Statement of the American Public Welfare Association

Recommendations To Amend the Data Collection and Reporting Requirements of the Personal Responsibility and Work Opportunity Reconciliation Act (P.L. 104–193)

Summary

• Data collection and reporting requirements of the welfare law pose both systems design and data storage burdens. This is clearly an unfunded mandate in the new law.
• APWA calls on Congress to reexamine the data elements in section 411 (TANF) and section 611 (child care) and to eliminate or revise those that unnecessarily burden states with systems changes.
• APWA recommends that the Secretary of Health and Human Services, working with Congress and the states, develop alternative TANF and child care data collection and reporting requirements to replace those now required under the law, and do so by July 1, 1997.

Context

  The Personal Responsibility and Work Opportunity Reconciliation Act (PRWORA) fundamentally alters the mechanism that funds human services information systems. Formerly funded through an earmarked match, systems funds must now come from the TANF Block Grant itself, creating competition between the needs of families and automation. Since the enactment of the law, concerns have increased as states have had time to assess the degree to which they must either modify their current human services information systems or develop new systems. New federally mandated eligibility requirements necessitate not only system reprogramming, but more difficult interfaces with other Federal, state, and local databases. In addition, case tracking for time limits and screening for duplicate participation among the states also pose significant systems costs. Collection and reporting requirements of new data elements not formerly required of all AFDC families pose both systems design and data storage burdens.
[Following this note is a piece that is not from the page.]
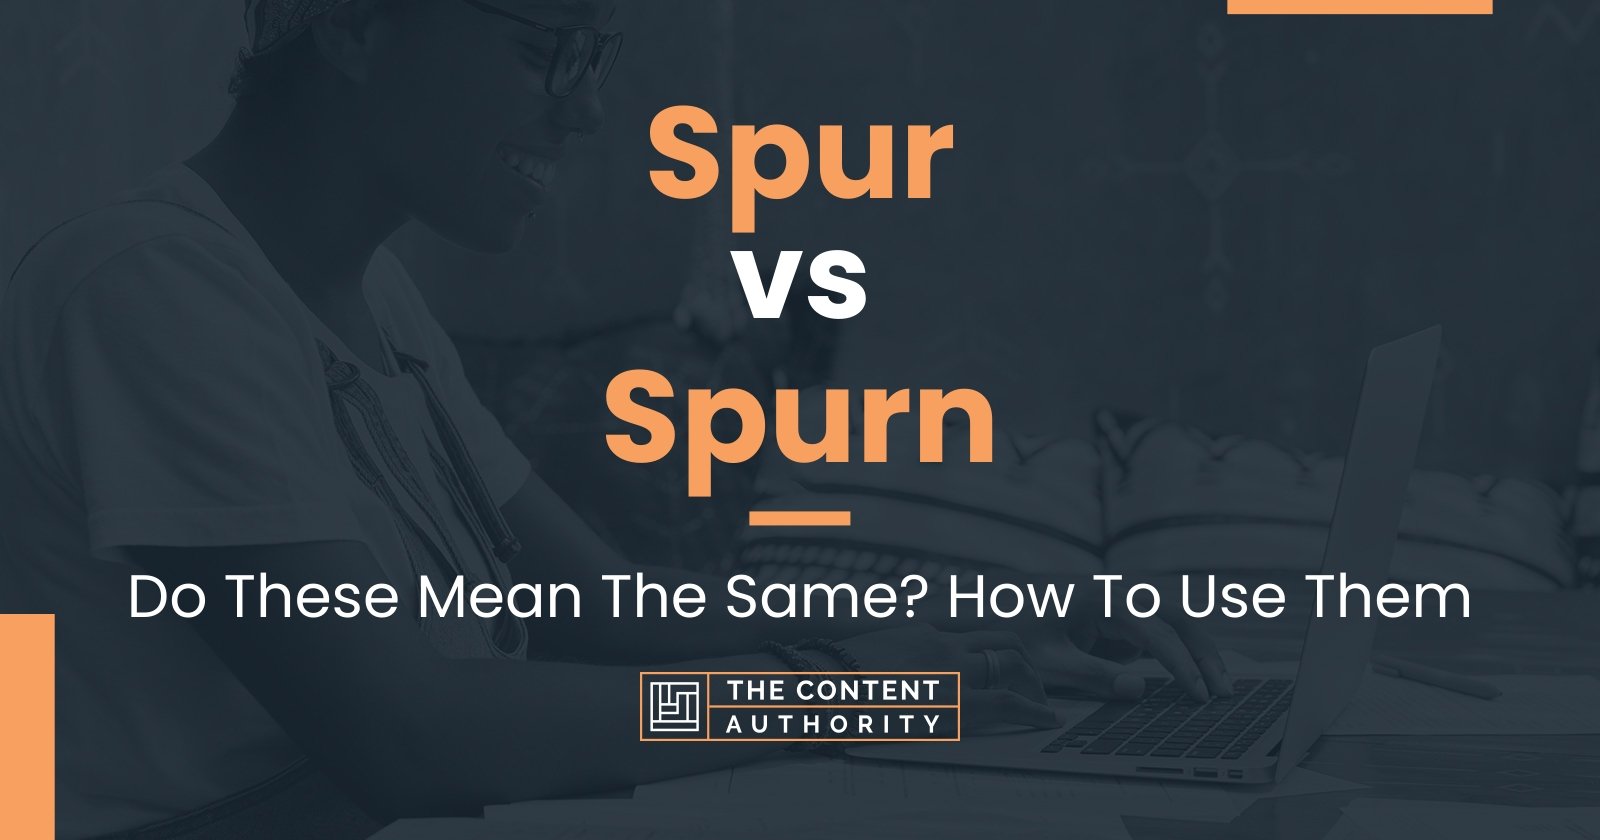 Spur vs Spurn: Do These Mean The Same? How To Use Them

This is clearly an unfunded mandate in the new law.
 Page 87       PREV PAGE       TOP OF DOC

Systems Challenges of Data Collection and Reporting Requirements

  Section 411 and section 611 of PRWORA require the states to collect on a monthly basis and submit to the Secretary of Health and Human Services on a quarterly basis data on the families and children served by the Temporary Assistance for Needy Families (TANF) program and the Child Care Development Fund (CCDF) program. (The sections also require the states to submit other reports, including the use of funds and the availability of child care services.) In order to comply with these reporting requirements, states must:
• substantially expand the capacity of their current systems to handle entirely new groups of recipients from whom additional data is required;
• holistically reprogram their systems to allow for collection and storage of new elements; and,
• amend lines of code and systems rules to modify elements that have been revised under the new law.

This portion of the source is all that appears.